Provided material START
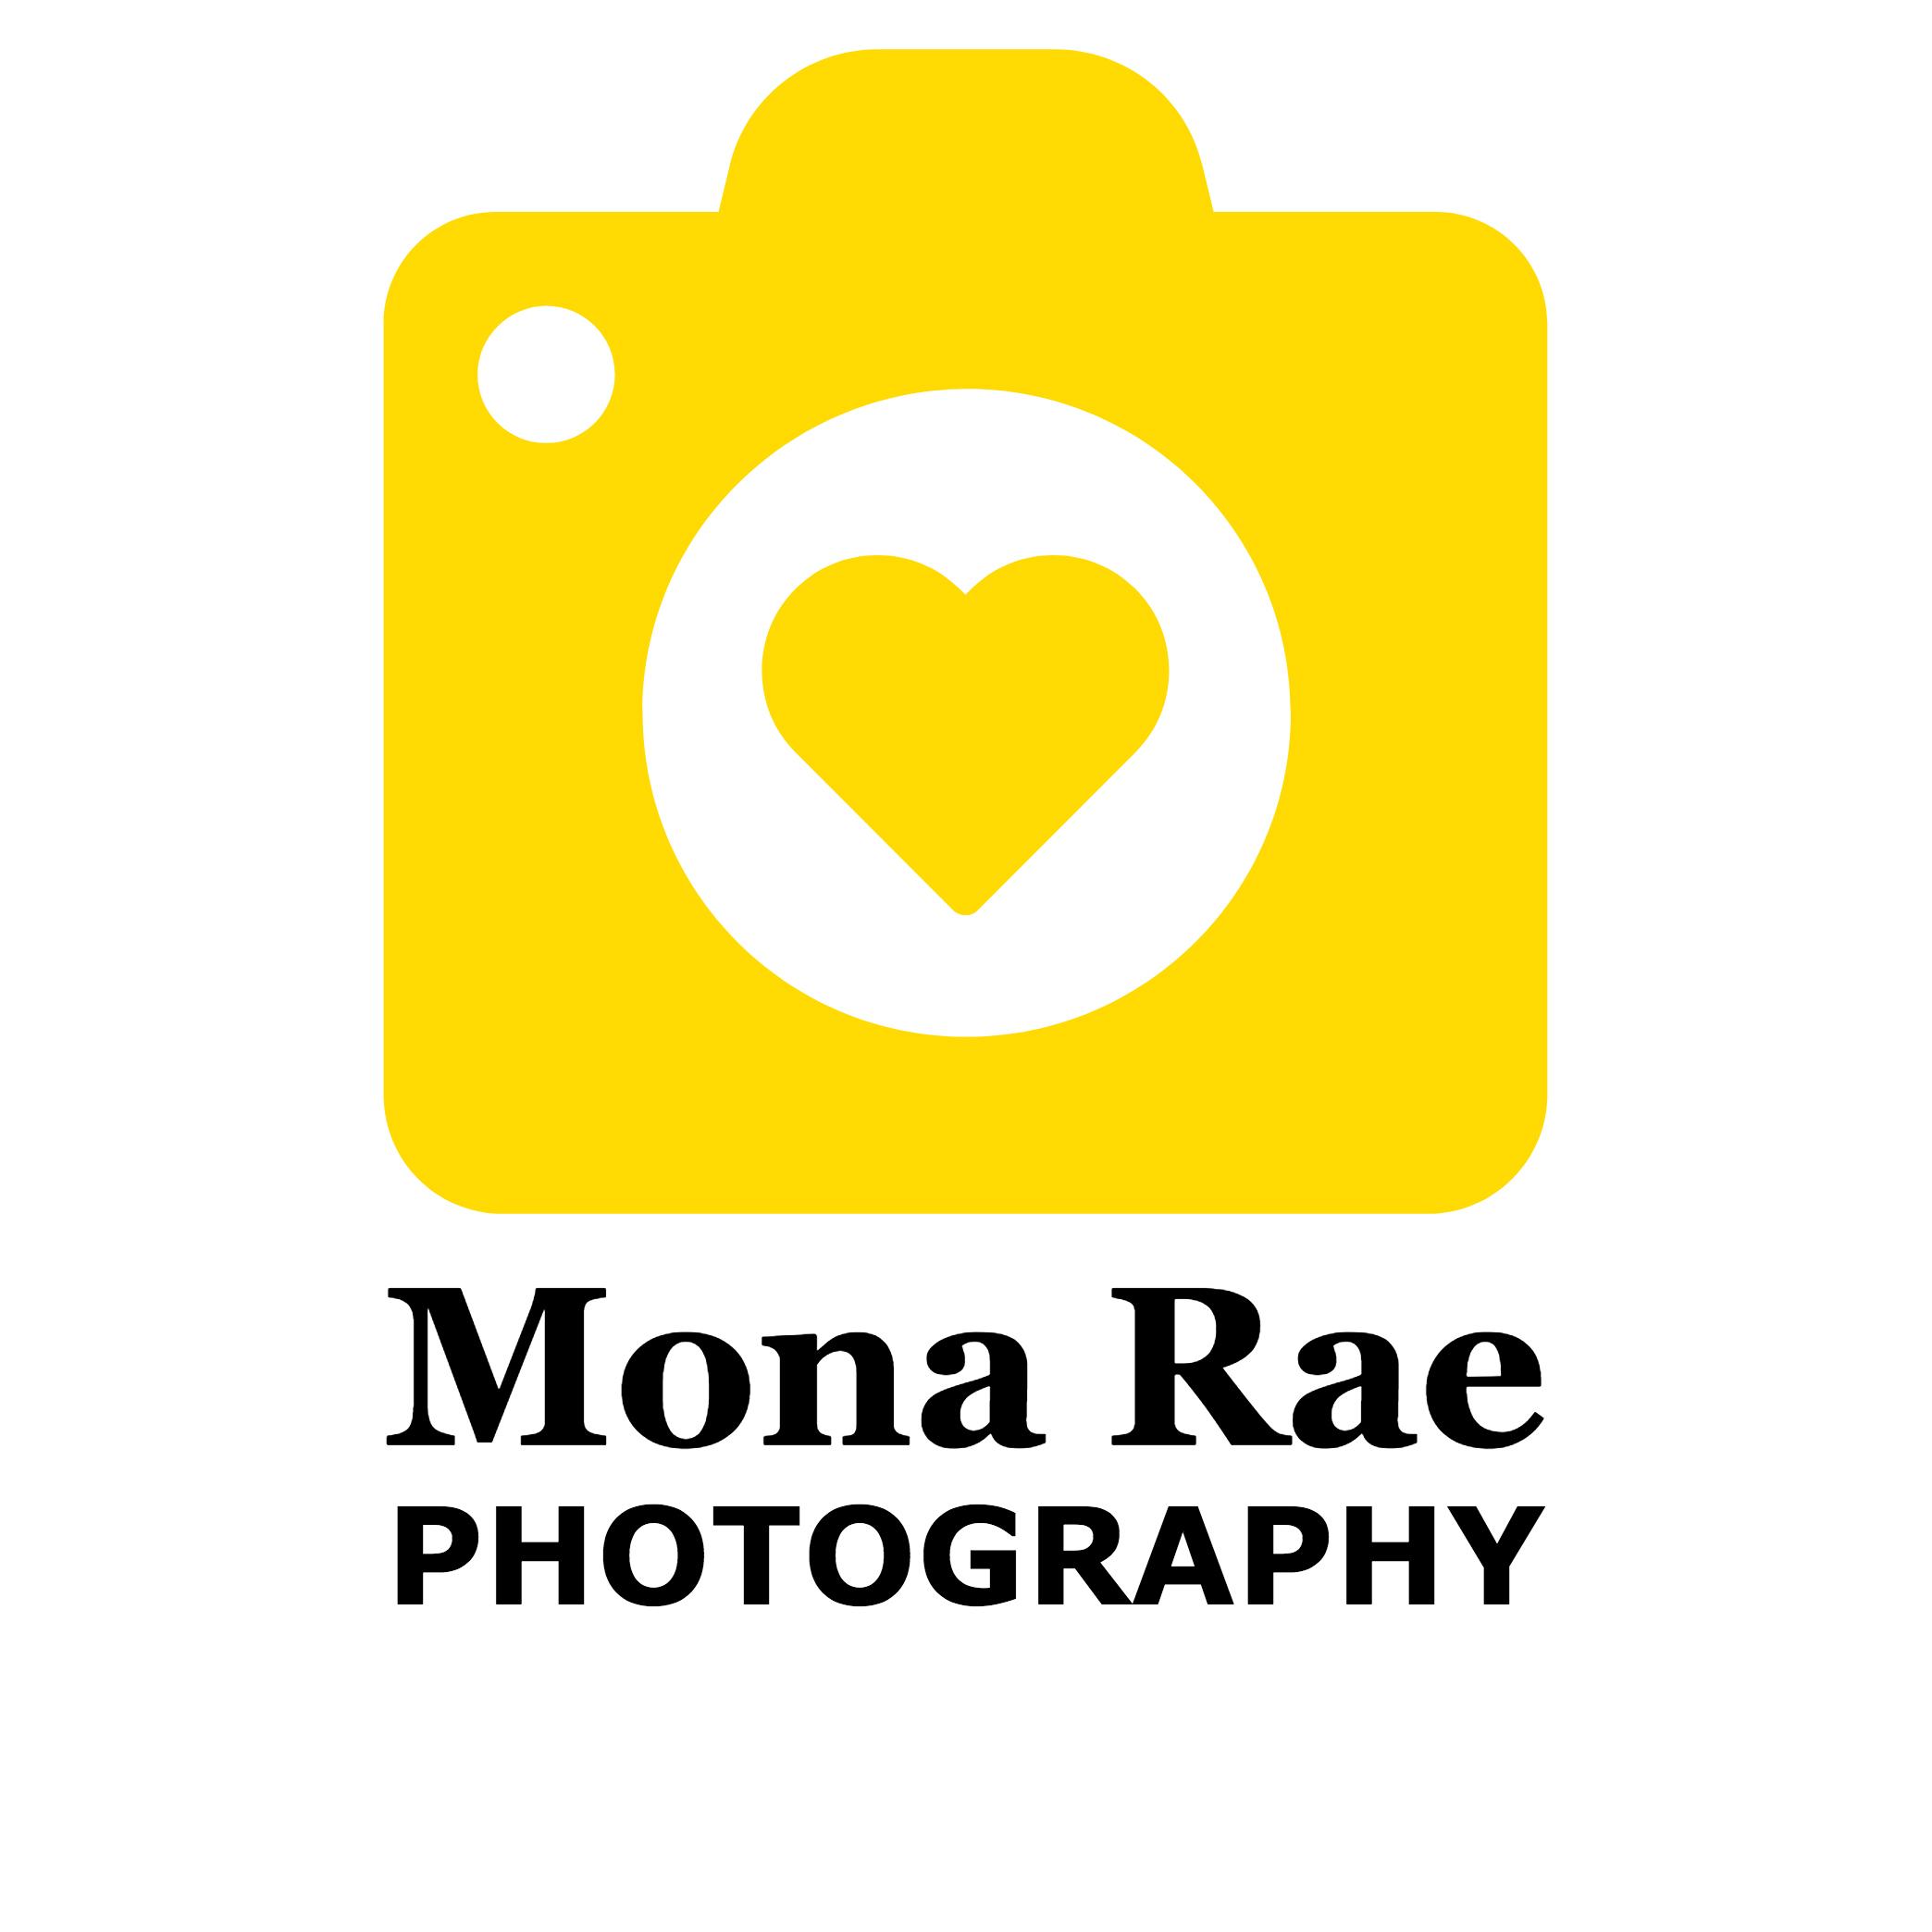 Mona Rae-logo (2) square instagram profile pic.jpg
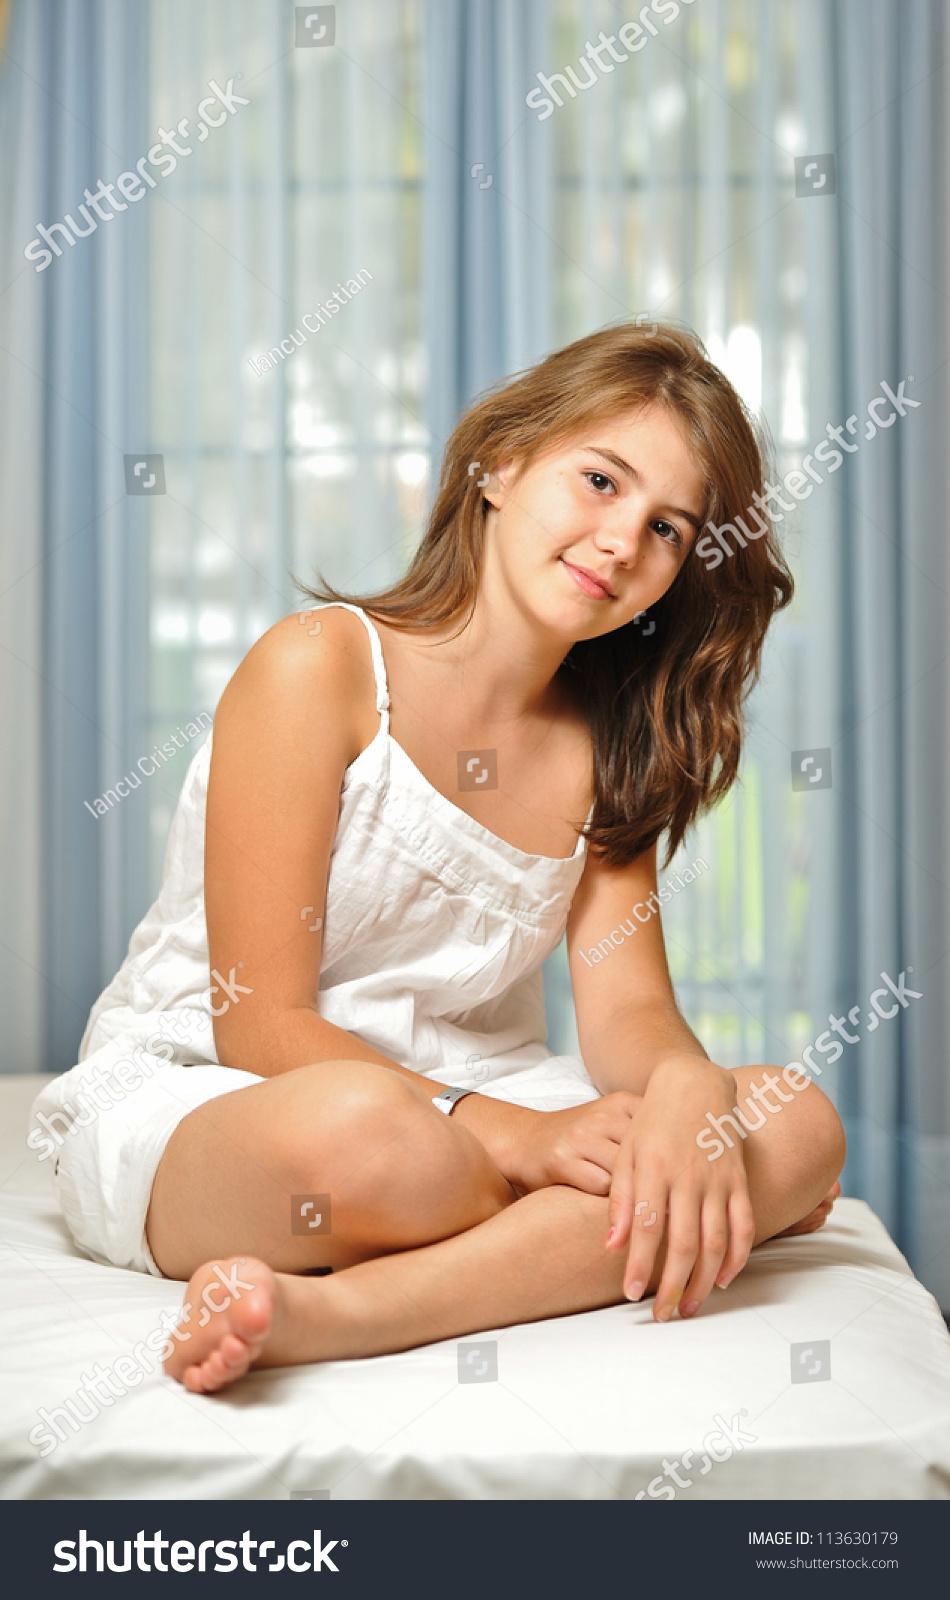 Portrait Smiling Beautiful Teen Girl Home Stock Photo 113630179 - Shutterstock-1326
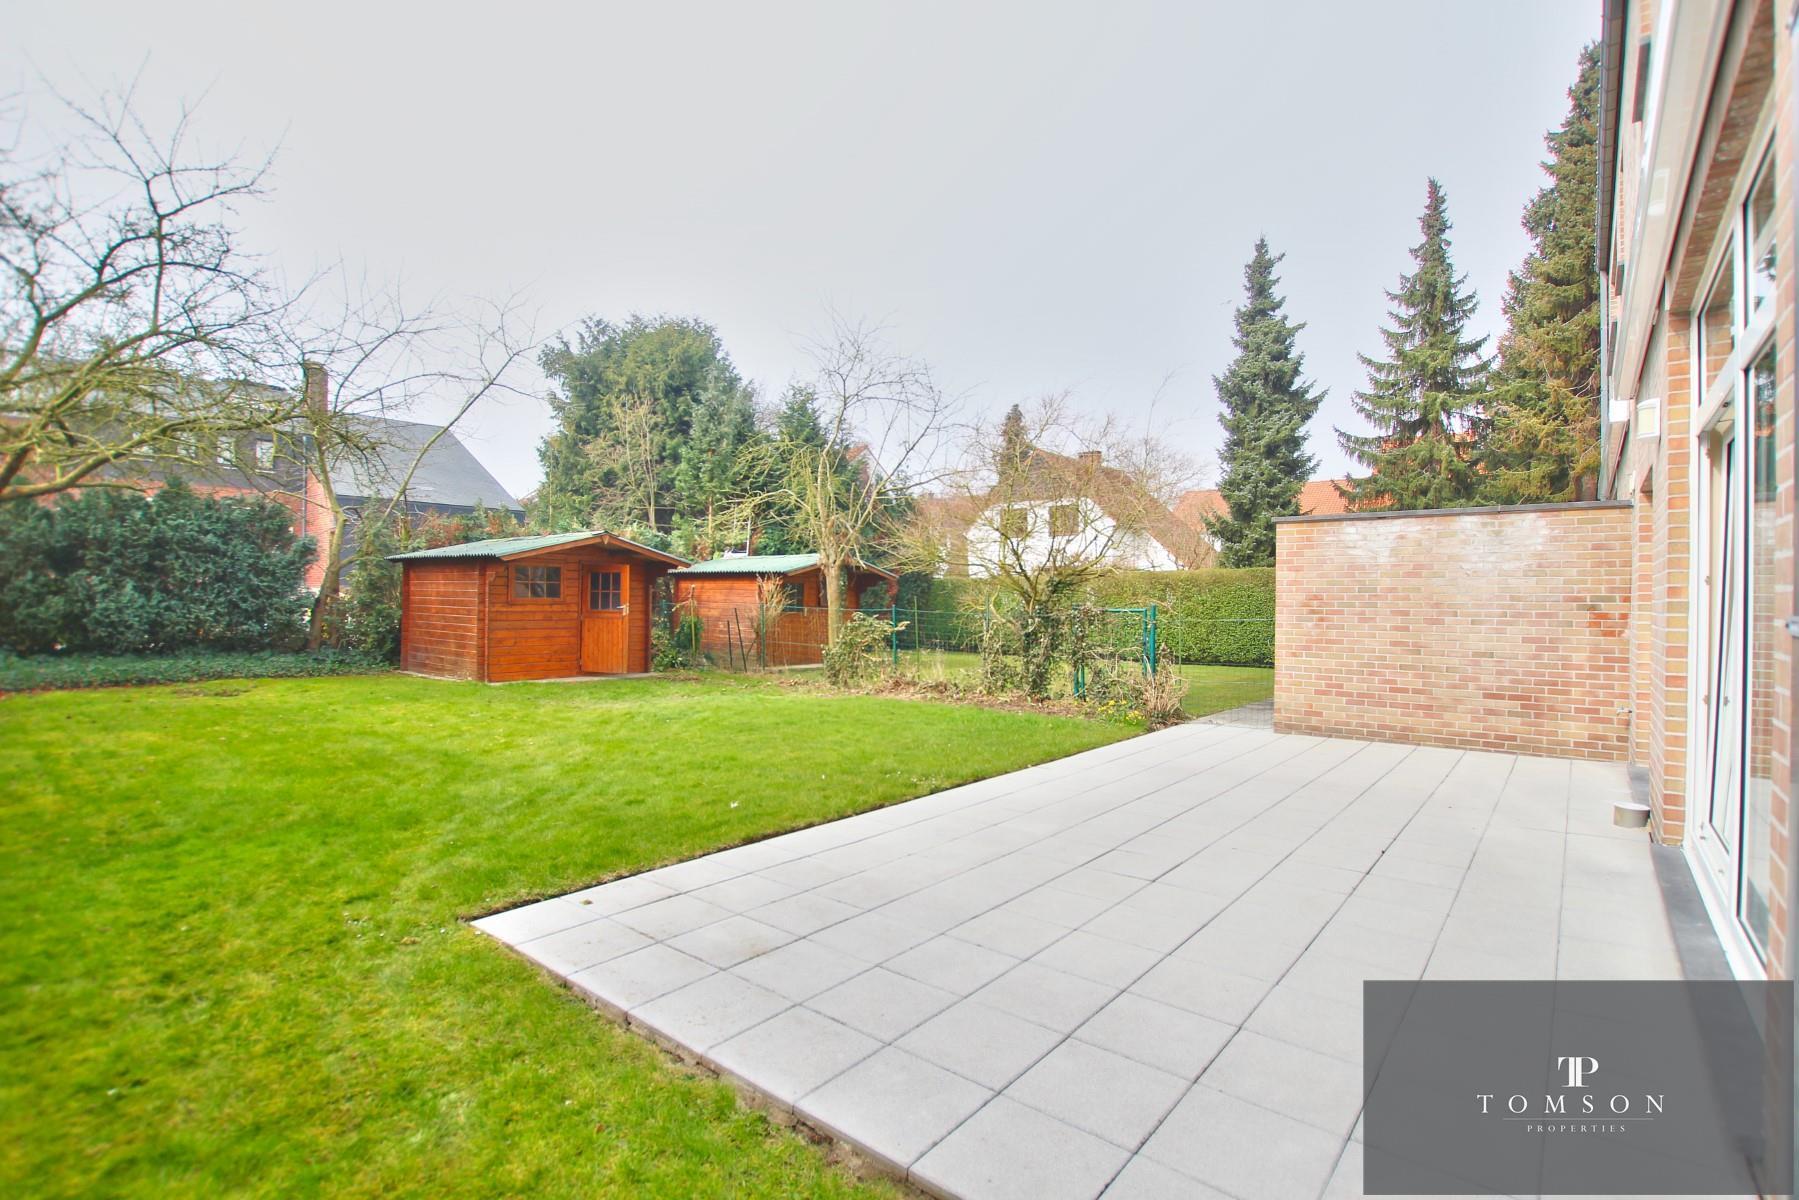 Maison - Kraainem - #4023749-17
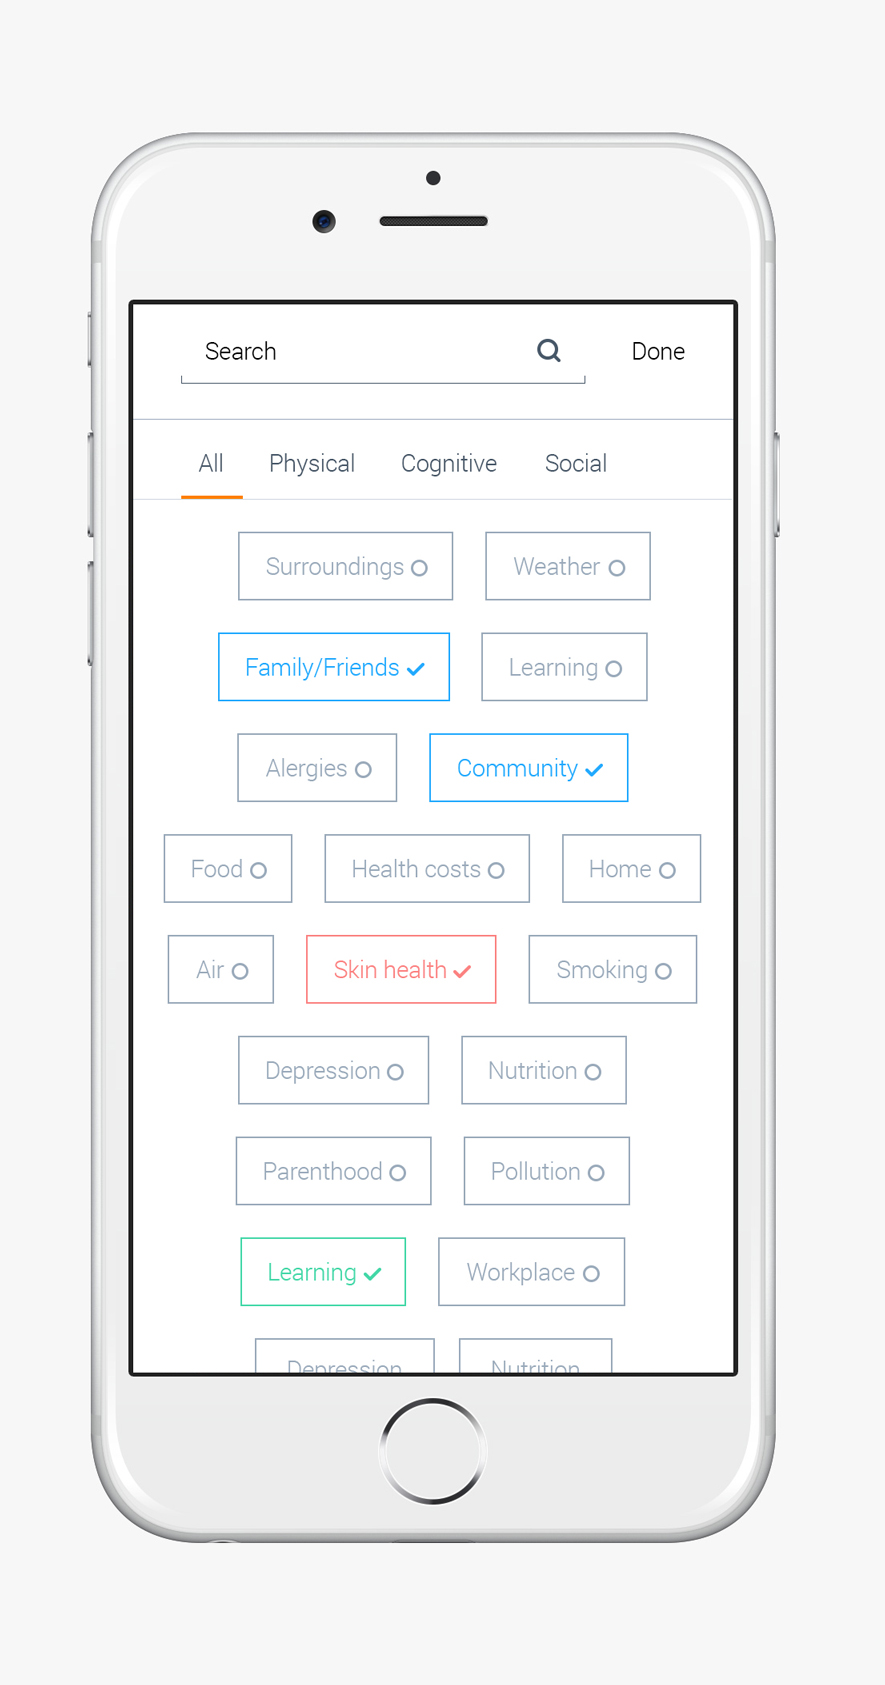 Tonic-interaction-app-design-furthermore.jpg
Provided material END
Task = Copy the data exactly. Any picture it contains is to be omitted.

Result of this exercise =
 Mona Rae-logo (2) square instagram profile pic.jpg
 Portrait Smiling Beautiful Teen Girl Home Stock Photo 113630179 - Shutterstock-1326
 Maison - Kraainem - #4023749-17
 Tonic-interaction-app-design-furthermore.jpg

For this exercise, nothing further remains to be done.